Scalar-pathway fidelity improves physical accuracy in short-range equivariant interatomic potentials

Authors:
Jia BiAlin Marin ElenaSamuel Pinilla

arXiv:2606.15892v1 Announce Type: new Abstract: Accurate interatomic potentials enable molecular dynamics of materials, molecules, and interfaces beyond density-functional-theory length and time scales. Equivariant neural network potentials have improved the representation of local geometry.
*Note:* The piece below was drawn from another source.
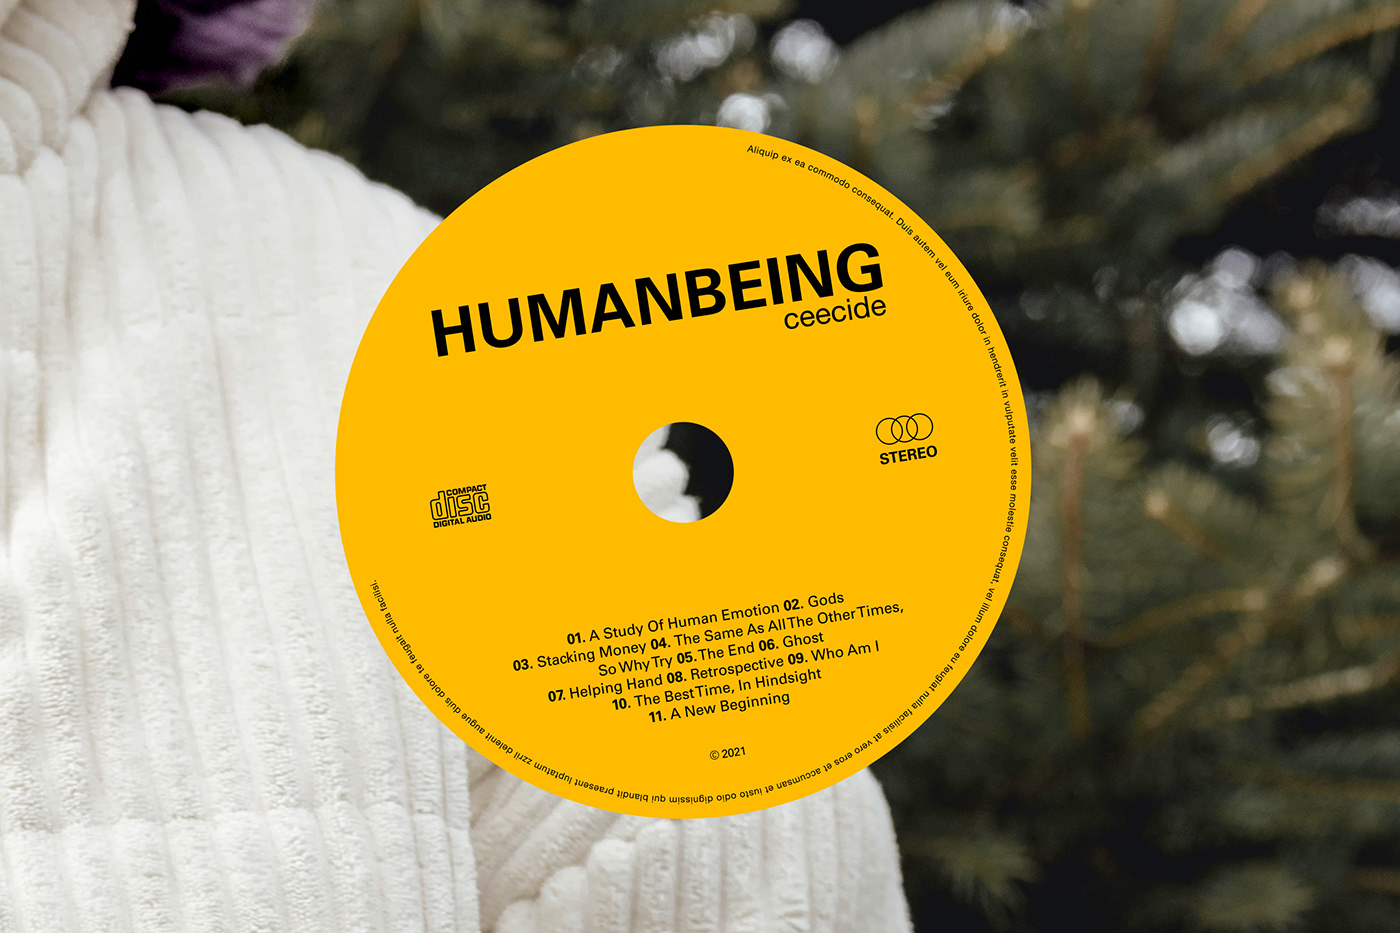 artwork cd ceecide Cover Art humanbeing iaoeu music

However, their deployable energy surfaces ultimately manifest through invariant scalar channels, whose aggregation and spectral resolution remain comparatively underexamined. Here we use Physics-Aware Neighborhood (PAN) pooling and Physics-Guided Spectral (PGS) mixers as controlled scalar-pathway probes: lightweight, symmetry-preserving modifications that act only on \(\ell=0\) channels while leaving the equivariant tensor backbone unchanged. Using MACE as a high-body-order mechanistic scaffold, PAN adds coordination-sensitive amplitude modulation, whereas PGS augments edge and readout scalar features with radial and tapered spectral bases. Across metallic Ag, covalent Si, a short-range ionic LiF/Li–F subset, and MD17/rMD17 molecules, this scalar-pathway correction reduces MACE force errors by 22–27\% and energy errors by 19–22\%; on systems with stress labels, stress errors decrease by 27–28\%, at approximately 5\% additional inference-FLOPs cost. Directionally consistent gains in Allegro and NequIP further indicate that the correction is portable across distinct short-range equivariant backbones, although effect sizes remain architecture-dependent. These results identify scalar-pathway fidelity as a practical design dimension for short-range equivariant interatomic potentials.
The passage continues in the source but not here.